三島の自伝的小説「仮面の告白」は同性愛をテーマにしており、三島自身にもその傾向があったと推測できます。

しかし、肉体的なコンプレックスからボディビルを始め、極右的な盾の会を結成。
 
多面性をもっていた三島は自己統合に苦しんでいたと推察されます。
 
自分か崩壊して、無意識の海の中に溺れ、吸い込まれていく恐怖の中で、あがき、もがき、「金閣寺を焼かなければ」という強迫的な思い込みにとらわれていく。
 
黛敏郎作曲のオペラの音楽がまたその強迫感を煽る…
 
精神病とは、主に統合失調症を指しますが、我々もまた、日々の生活の中で一時的に精神病圏に入ることがあるものです。

 詐欺にあったりした後なんかには、なんでこんなことで騙されたのか、と後悔するようなことは一度や二度は多くの人が経験しているのではないでしょうか。

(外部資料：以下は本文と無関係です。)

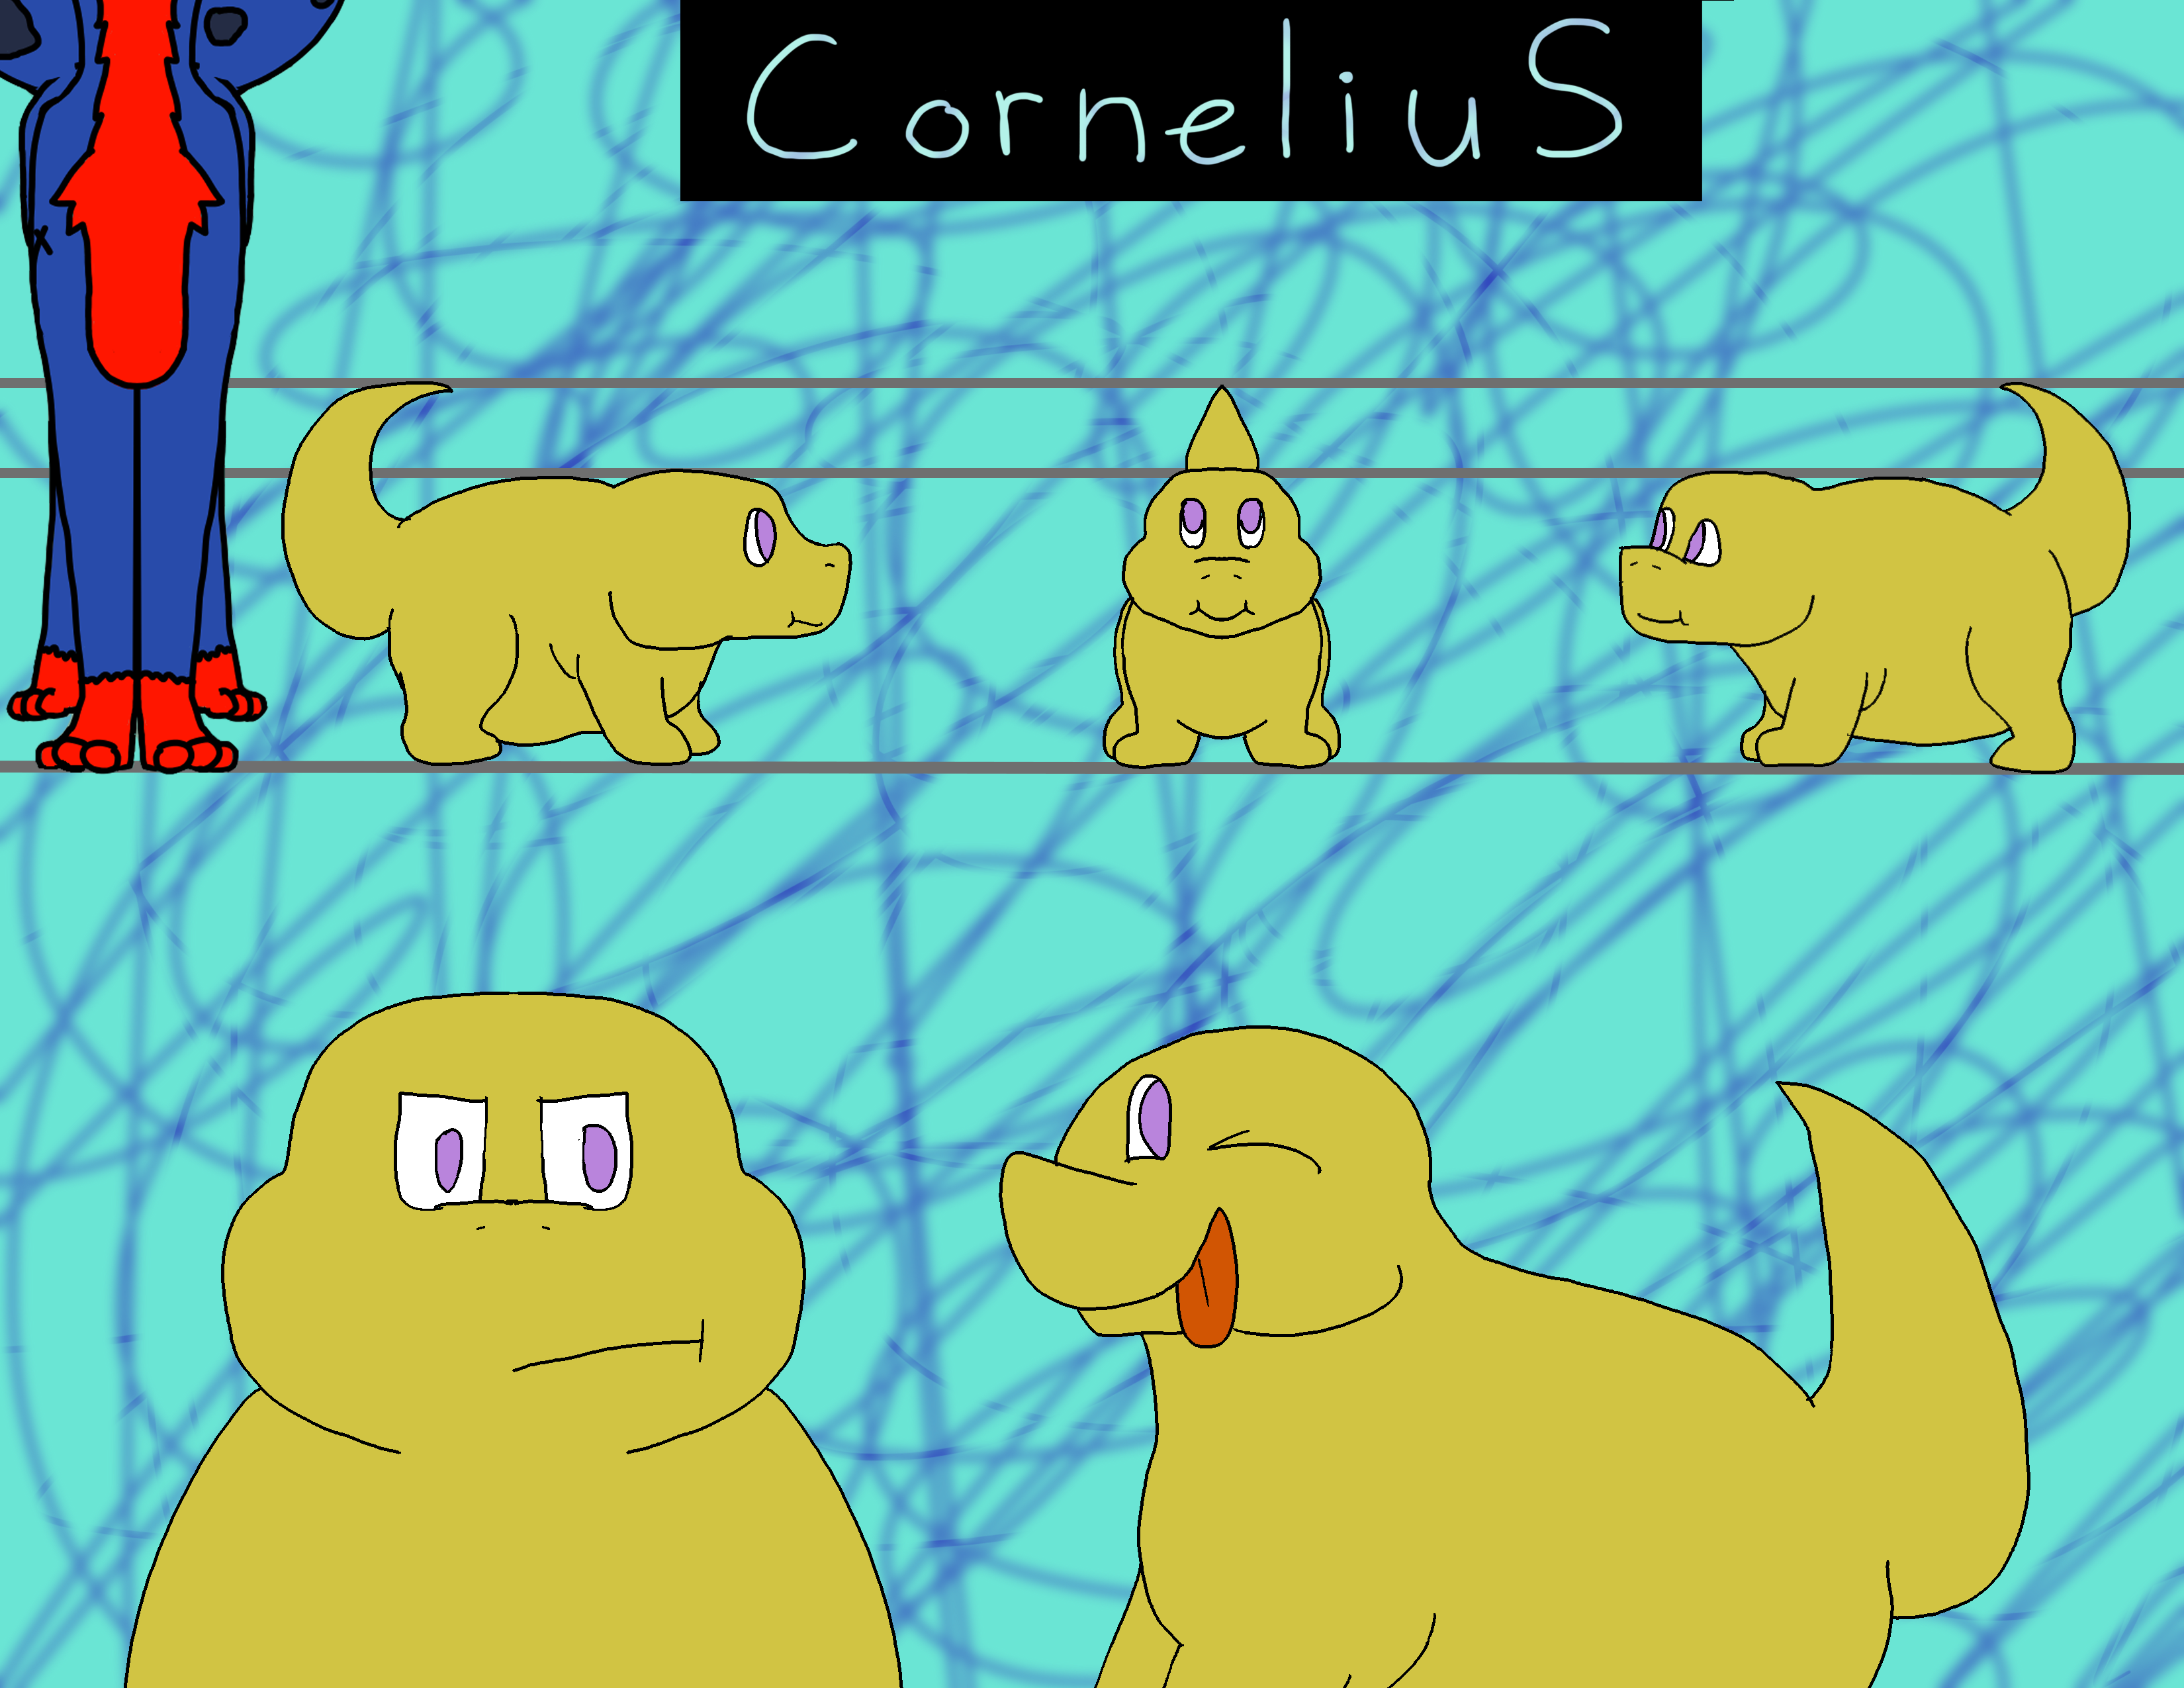 Cornelius character sheet

さらに、ちょっした度忘れ、勘違の類も含めて、瞬間的にそちらの世界に入ってしまうことがあるものです。
 
マインドコントロールされて犯罪を犯してしまったオウムのエリート信者たちについても、精神病圏という見方ができます。
 
この「金閣寺」、さらに輪廻転生をテーマにした「豊饒の海」にしても、その筋書きはやや荒唐無稽にも思えますが、すべての人間に共通する心の狂気と闇にフォーカスしているかんじかします。
 
そのあたりの深みが三島文学の大きな魅力であるかと思います。